Today, February 16, multiple sources report that Israel is blocking the delivery of 2,000 doses of the vaccine to Gaza for use by ICU workers. 

(One anonymous Israeli source claims, “It wasn’t blocked. They are still contemplating it.” The Israeli parliament, in no apparent rush, is debating the issue.)

Israel has already administered 5.5 million doses of the Covid vaccine to its citizens. In fact, the vaccine is available to every Israeli over 16 years of age, and the rollout program is running out of willing participants. The Health Ministry and some private companies are considering offering incentives to get more Israelis vaccinated.

The Palestinian Authority (PA) has ordered vaccines – including from charitable sources – but they will be arriving slowly. The first 280,000 doses are expected by the end of February, roughly 11 weeks after Israel received its first delivery. Even when the full amount arrives, it will not be enough for the Palestinian population.

Israel has been under pressure since early January to provide vaccines for Palestinians (details below). On January 31, Israel agreed to give the Palestinian Authority 5,000 doses (as of February 9, only 2,000 have been delivered) – this in spite of the fact that Israel has plenty, and will soon have a surplus.

Israeli PM Benjamin Netanyahu (who is up for re-election this spring) boasts, “We are vaccinating at 10 times the pace of the United States. No country has done what we are able to do.” He’s right.

Israel is so far ahead in the Covid vaccine game that the Israeli Health Ministry is making it available to all Israelis over 35 years of age – not just essential workers, healthcare providers, and high-risk individuals.

But most Palestinians under Israeli rule, regardless of age or risk, don’t qualify.

Compared to the US vaccination rate of about 6.2%, Israel has distributed initial doses of the vaccine to roughly 29% of its population, and second doses to nearly half (Israeli Palestinians – Muslim and Christian – appear to be receiving proportionately fewer vaccines than Israeli Jews). For a short time, Israel enjoyed celebrity status for having the “fastest rollout in the world.”

It wasn’t long before word got out that for the occupied Palestinian territories under Israeli control, the celebrated vaccine response was just another example of Israeli apartheid. Journalists and politicians chided Israel for its discriminatory policies – which in turn led to a wave of rebuttals against those who would dare to tarnish the good name of Israel. 

The facts speak for themselves.

A Jewish man receives a coronavirus shot in Jerusalem, Jan. 4. (Oded Balilty / Associated Press)

Not willing to share

As the Financial Times reports, Israel has already received “planeloads” of vaccines, and more are due soon. By March, the state will have a surplus.

Next door, the Palestinian Authority (PA) has arranged with Russian suppliers and the World Health Organization (WHO) to get vaccines, but they are not expected to arrive anytime soon.

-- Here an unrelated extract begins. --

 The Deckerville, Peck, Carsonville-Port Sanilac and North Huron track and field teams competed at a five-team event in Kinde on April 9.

With a shortage of PPE, nearly 8,000 Palestinian medics have already been infected with Covid, hampering efforts to respond aggressively to the pandemic.

The PA requested from Israel just 10,000 doses to protect Palestinian frontline workers for now. Israel has refused, although the Fourth Geneva Convention requires the occupier to provide medical services to the occupied population, including “measures necessary to combat the spread of contagious diseases and epidemics.”

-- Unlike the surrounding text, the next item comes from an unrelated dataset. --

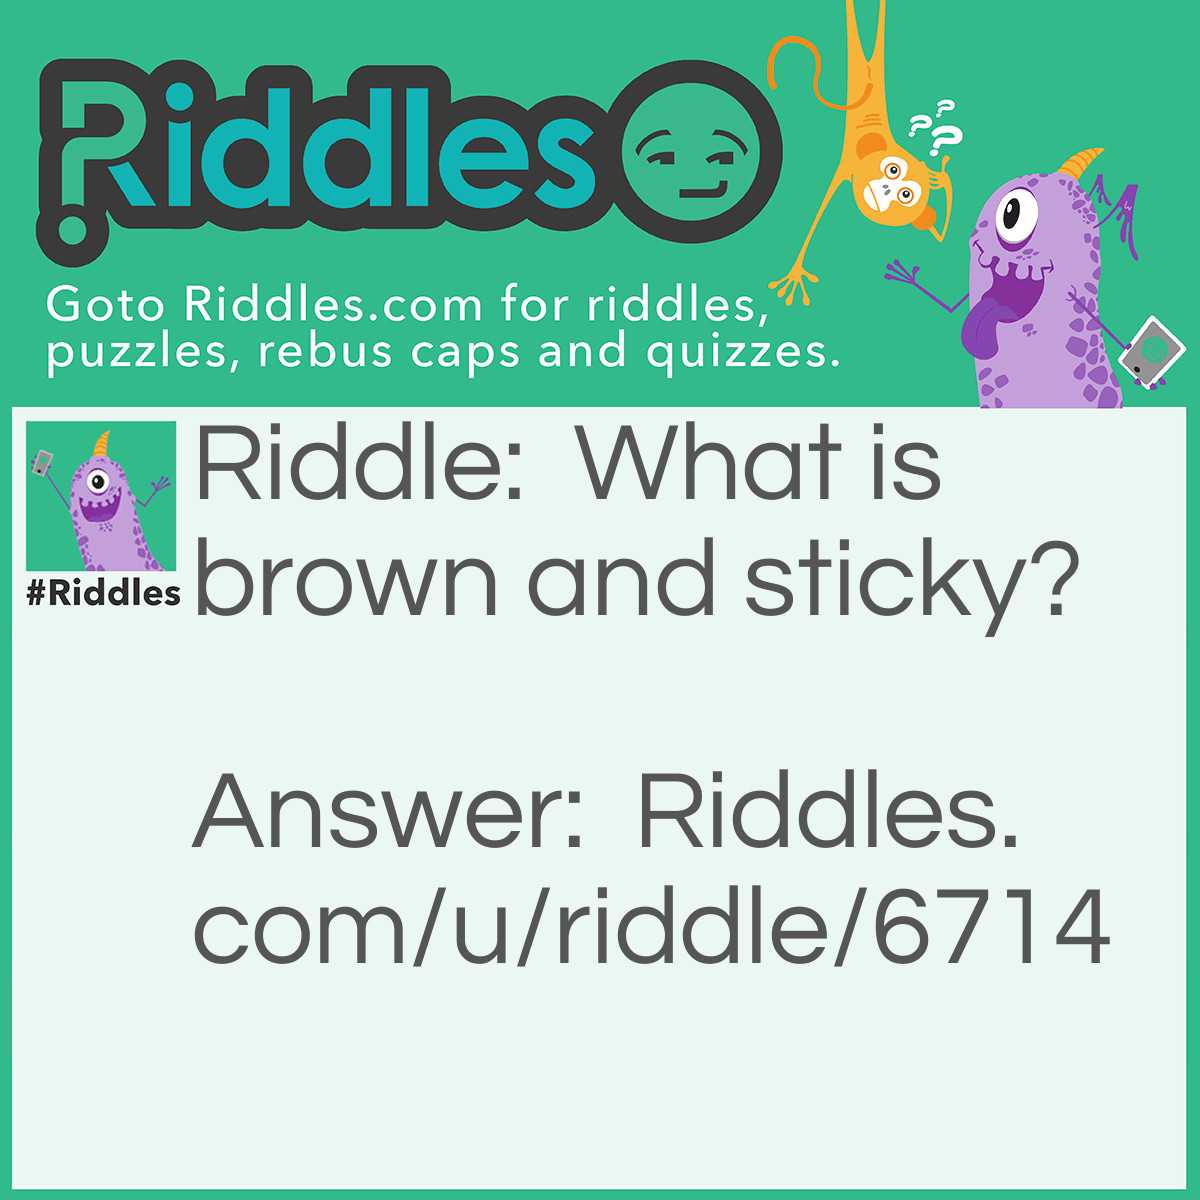 Riddle: What is brown and sticky? Answer: A stick.

Israel has tried to hide behind a technicality, claiming that Palestine is not “occupied” territory, but “disputed,” and Geneva does not apply. (The International Committee of the Red Cross – ICRC – explains that occupation requires “some degree of control by hostile troops over a foreign territory.” This describes Israel’s position vis-a-vis the Palestinian territories. Read more on the definition of occupation and how it applies to the Palestinian territories here.)

Those Palestinians living in Israel and East Jerusalem have access to vaccines; those living in Gaza do not. In the West Bank – Palestinian territory – only the Jewish settlers living on land stolen from Palestinians are receiving vaccinations from Israel.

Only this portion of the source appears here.